Yes, I do agree with Don.. That I do not think it is necassary...and sometimes can be hurtful. I see people trying to install stuff into a puppy that simply is not there...the end up exastrubating the problem. So, I think moderate the moderation.


----------



## mike suttle (Feb 19, 2008)

I think there are many different opinions about this. I say do what you believe works best for you. The truth is that you can do nothing except feed the mother well for the first 6 weeks and with a good mother you will have healthy puppies when they are 6 weeks old. You can also start to do a lot with the puppies from birth, start to feed them at 3 weeks, wean them at 4 weeks, separate them at 5 weeks, and expose them to a lot till they are 16 weeks old. I know people who use both methods, and some people who do something in between. I think everyone knows my take on this topic, but you should do what you think is right for the litter, that is all that matters I guess.
According to some people you can raise a pup in a dark basement until he is 18 months old and he will come out, let his eyes adjust to the sun light, and be ready to pass the special forces selection testing.
I have not figured out how to breed those types of dogs yet, so I chose to expose my puppies to the world early.


----------



## Don Turnipseed (Oct 8, 2006)

If I was breeding solely for pets, I would handle them from day one so they all looked solid. Handling never hurts the less confident. Actually, after 4 weeks, they get the most attention. In the long run, I agree with Mike, it is best to do what you are used to doing so there are no surprises like feral acting pups that can't be handled.


----------



## Howard Gaines III (Dec 26, 2007)

Mike what do you use for your shot and deworming schedule? I know what I use and others say that doing anything is not natural. No need to have puppies full of worms...


----------



## Don Turnipseed (Oct 8, 2006)

Out of curiosity, why wean them at 4 weeks and separate them at 5 weeks. There has to be a reason.


----------



## Daryl Ehret (Apr 4, 2006)

I think 4 or 5 weeks is a great time to subject them to novel experience, to examine how they handle their _first take_ of the situation. That's IMO more of a _socialization_ thing, than any sort of imprinting of a behavior for them to perform.

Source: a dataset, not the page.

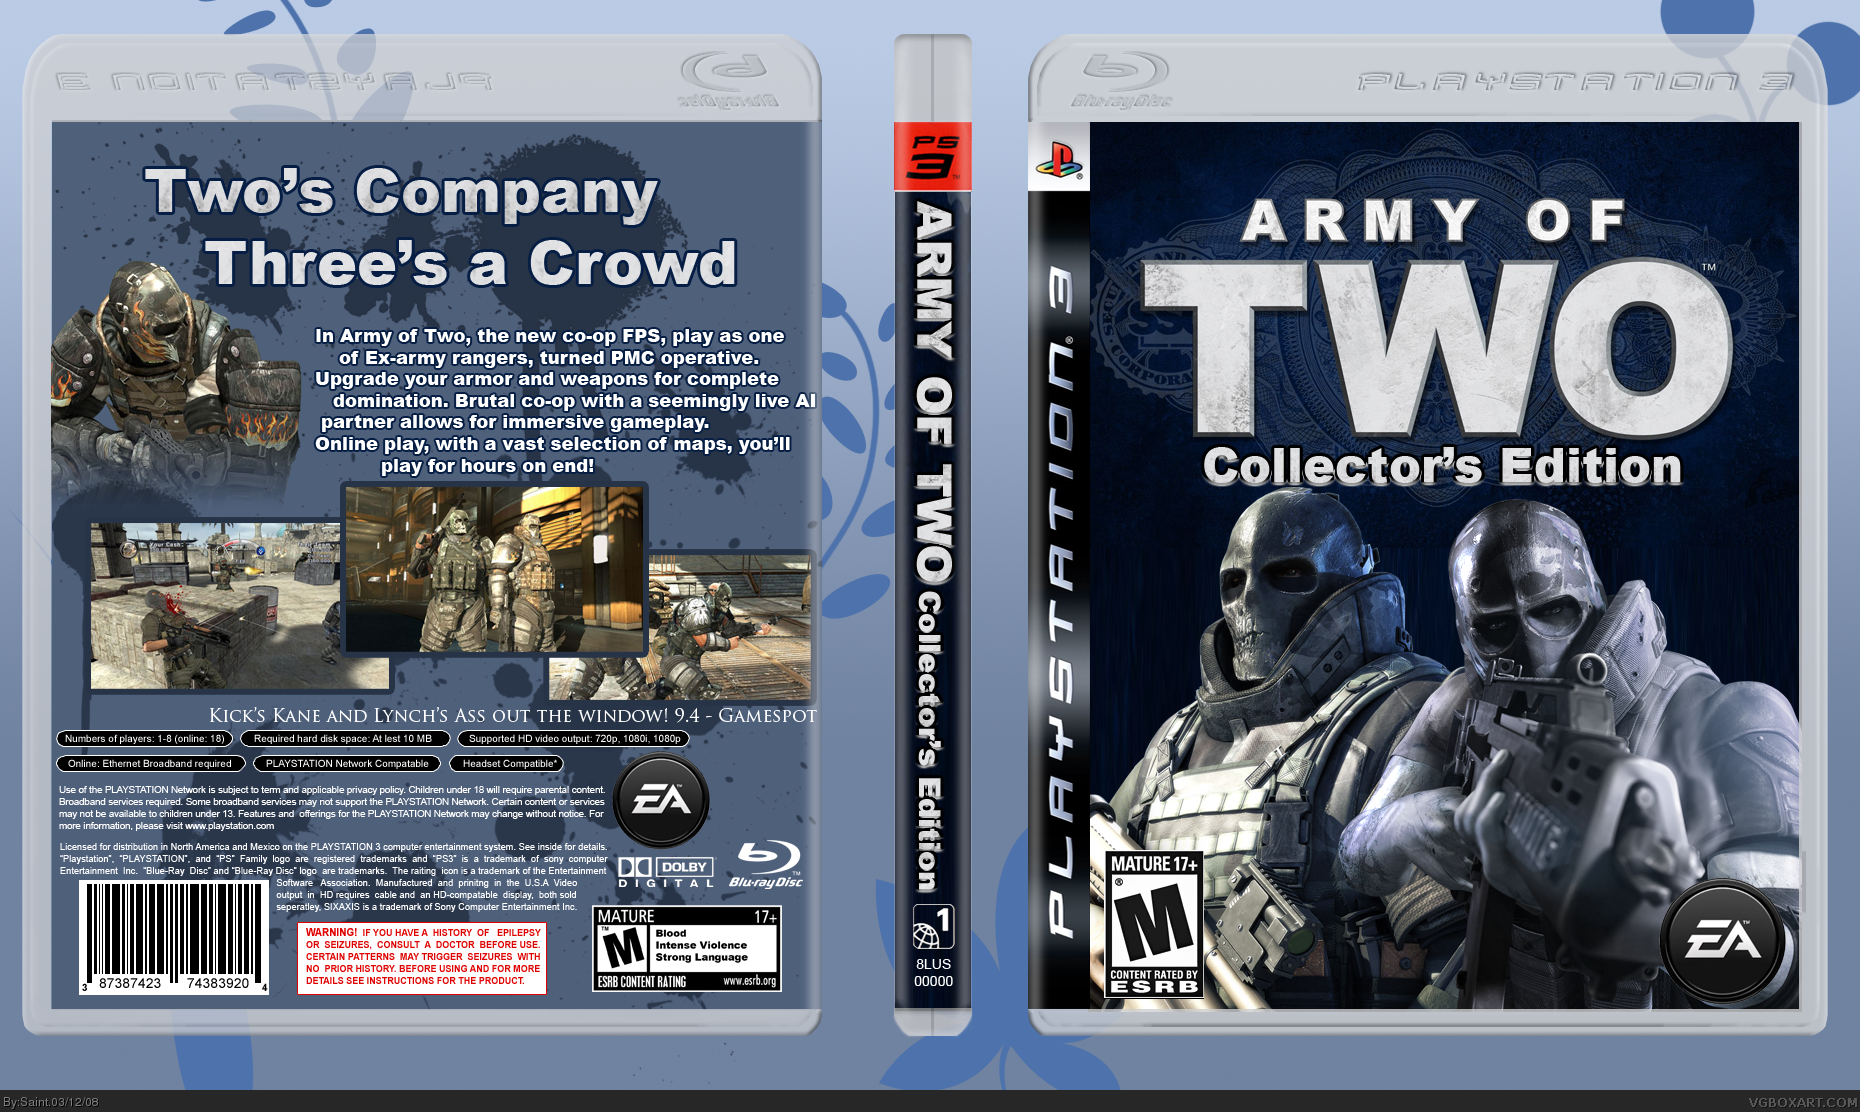 Army of Two: Collector's Edition box cover
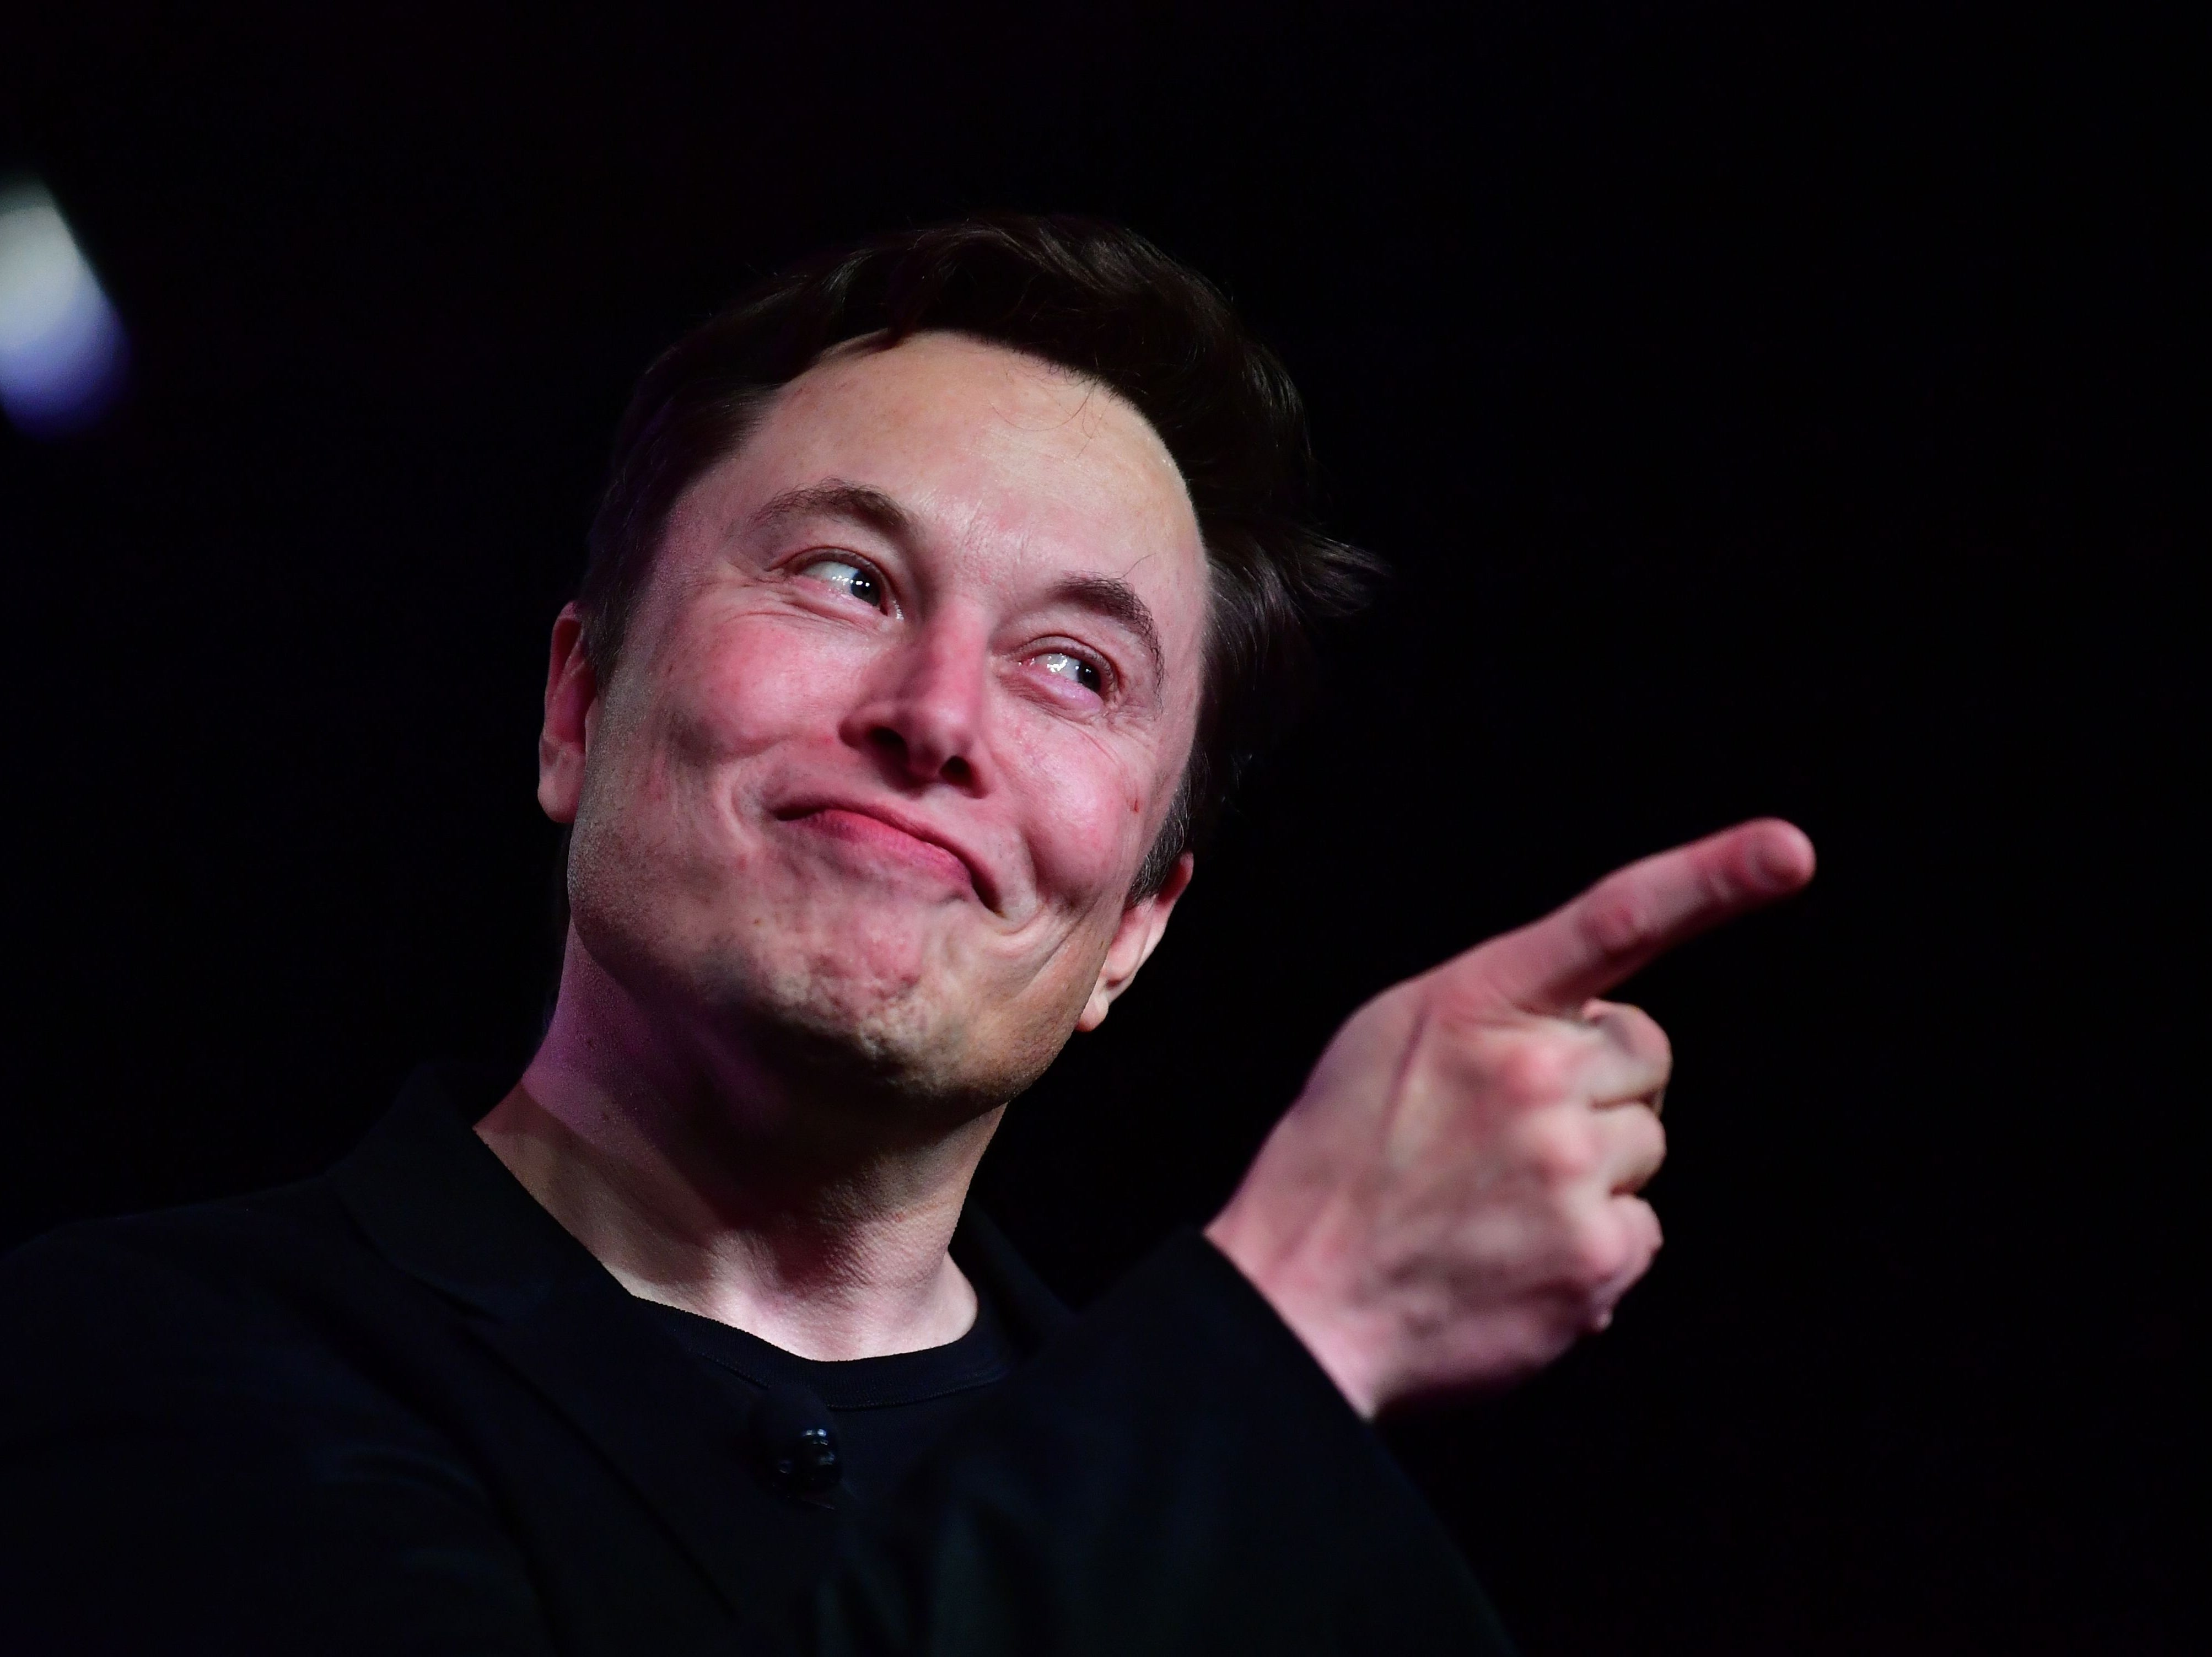 Tesla CEO Elon Musk speaks during the unveiling of the new Tesla Model Y in Hawthorne, California on 14 March, 2019

For example, I used 22LR gunfire when Nickie and her siblings were 5&half weeks old. I began from 35-40 foot distance, firing a blank shot every few steps on approach until I was about four feet away from the group, prepared to stop if any reacted negatively. Nothing wrong with conditioning to lots of sensory experience, but I don't view that as imprinting behaviors.

I see imprinting as more of a limited-time experience of responding to a situation with a particular behavior, while you may be guiding to help shape that behavior. Then, it's simply "stored away" for later. So that, some long time later, when the dog is exposed to that or a similar situation when it is older, past being a puppy and now engaged in a regular regimen of training, it doesn't need to tax its brain about what it's going to do, just draws from that stored response option from the past, without distortion from between-time learned behaviors.


----------



## mike suttle (Feb 19, 2008)

Howard Gaines III said:


> Mike what do you use for your shot and deworming schedule? I know what I use and others say that doing anything is not natural. No need to have puppies full of worms...


I worm them at 2 weeks, 4 weeks, and again at 8 weeks. I feed them a lot of raw meat when they are little and it seams like I get a lot of worms out of them maybe from that??
I vaccinate them around 7 weeks, and again at around 12 weeks, and that is all.


----------



## mike suttle (Feb 19, 2008)

Don Turnipseed said:


> Out of curiosity, why wean them at 4 weeks and separate them at 5 weeks. There has to be a reason.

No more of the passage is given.